We knew data centers demanded energy and temperature control, but now they're getting real picky: they want a view.
Ed Doyne and a rep from Hines REIT on a deck at Fisher Plaza near the Space Needle.
And you'll get one at Fisher Plaza, which is adding another 24k SF to its already giant downtown data center space. We tagged along on a site tour with Broderick Group's Tyler Slone last week. Above, guides Ed Doyne of Egis7 and Shane Fentress of building manager Hines on Fisher's sixth-floor deck. (We're not kidding about the view. The Space Needle is right off to Ed's right.) Now, the fifth and sixth floors are office space, but that's going to change within the next few months, Ed says. 10k SF were freed when Hines bought the building in late 2011, and conversion of the sixth-floor office space will open up another 14k.
Ed Doyne of Egis7 gives a tour of the interior of Fisher Plaza.
To paraphrase Martha Stewart, candy-colored casings brighten up any server room. Once you get away from the windows, it's all very Bourne Identity inside Fisher Plaza, where 15 companies are running glass fiber thinner than blades of grass throughout both buildings. Fisher Plaza, completed in 2003, takes security seriously—with retinal scans and palm scanners—but perhaps the most important thing is "redundancy and diversity," Ed says. (And don't forget redundancy.) Fisher is the only project in the CBD with two redundant electrical vaults. There are also extra chillers, eight—soon to be nine—backup generators, storage tanks for 75,000 gallons of diesel and 10,000 gallons of jet fuel for the helicopter.
The KOMO 4 newsroom, prepping for the 5 o'clock news.
Fisher Plaza is probably best known as the HQ for ABC affiliate Komo 4 News and its iconic broadcasters. If you stroll the halls long enough, you'll bump into a celebrity stopping by for an interview. (Or maybe you'll just see weatherman Steve Pool, whom we're told sports snakeskin shoes.) We snuck into the newsroom just as it was being prepped for the 5 o'clock news.
The Museum of History and Industry's exhibit celebrating Fisher Broadcasting's centennial.
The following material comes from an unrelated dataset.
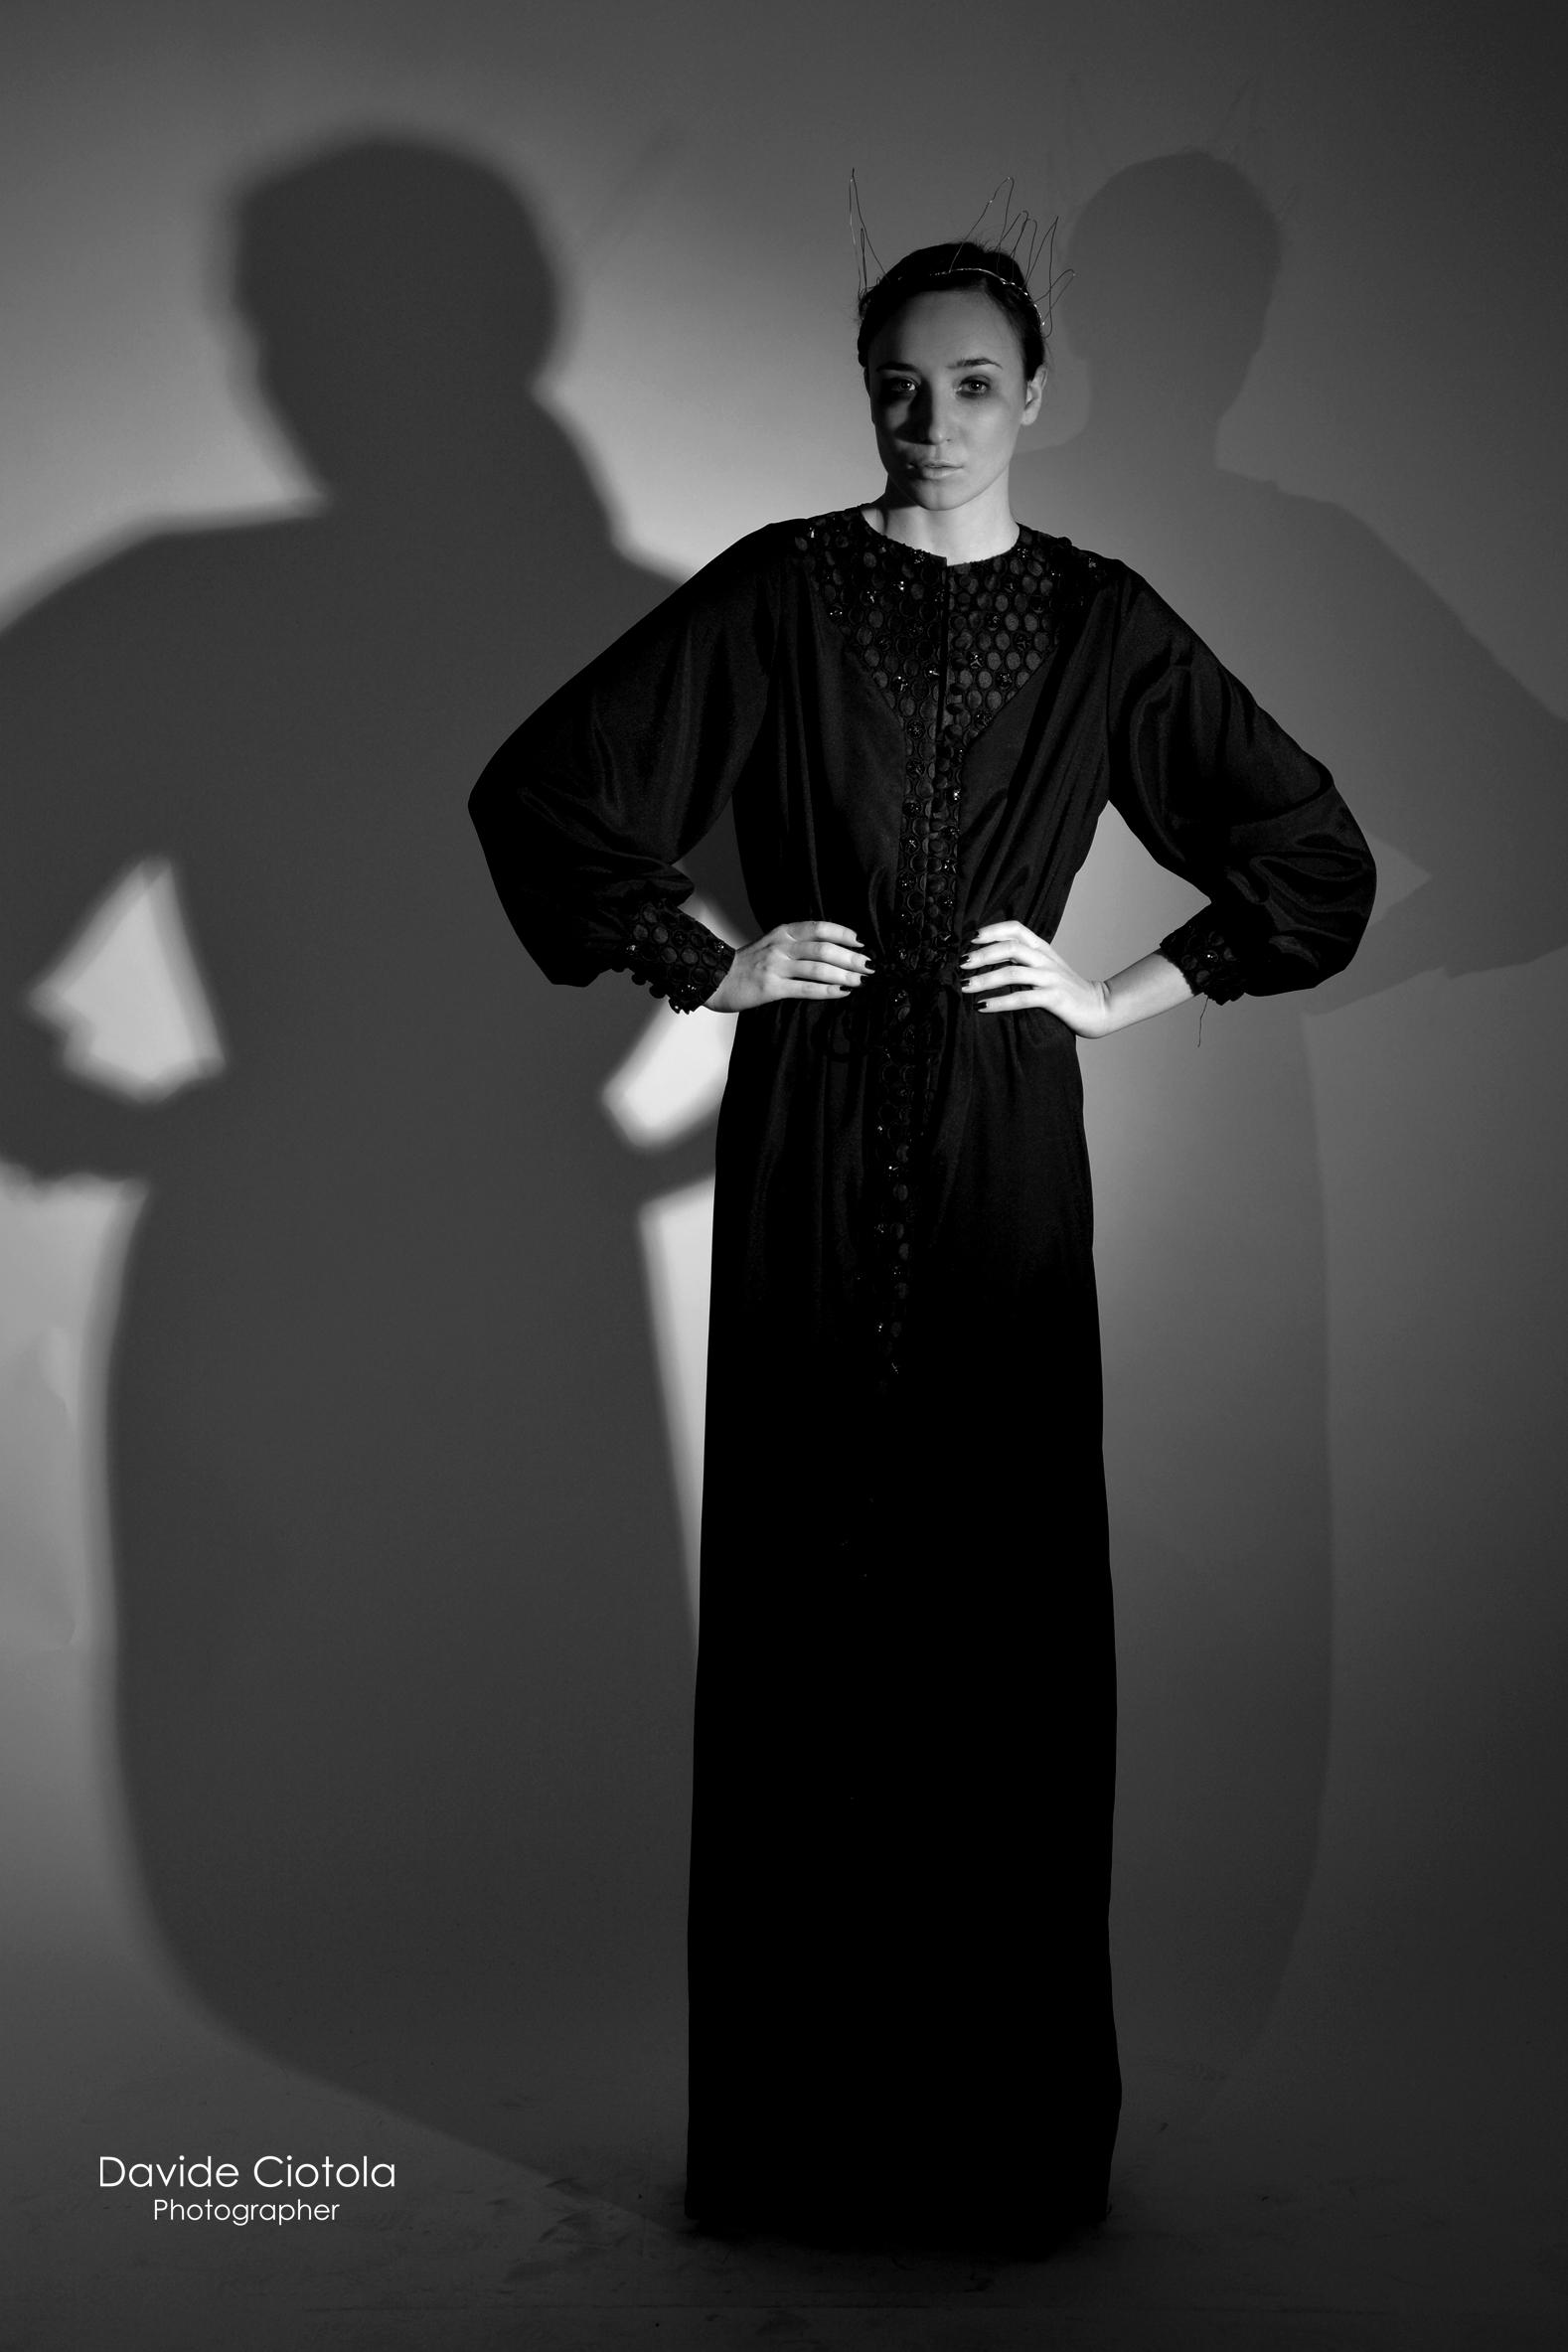 fotografi moda napoli davide ciotola

Look familiar? It's the Museum of History and Industry's exhibit commemorating Fisher Broadcasting. A century ago, Harbor Island flour mill proprietor O.D. Fisher was approached by a young man who had a license for a radio station but no money to start one. OD, sensing a way to push flour at consumers, established the Fisher Blend Station. Today's Fisher Plaza buildings are not just a place to put data centers—"the West building was built to be the data center," Ed says. Ed, by the way, was in Nepal while Hines was conducting due diligence to buy the building. He kept in contact via another new communication mechanism, Skype. "There were a lot of meetings in the middle of the night," he says.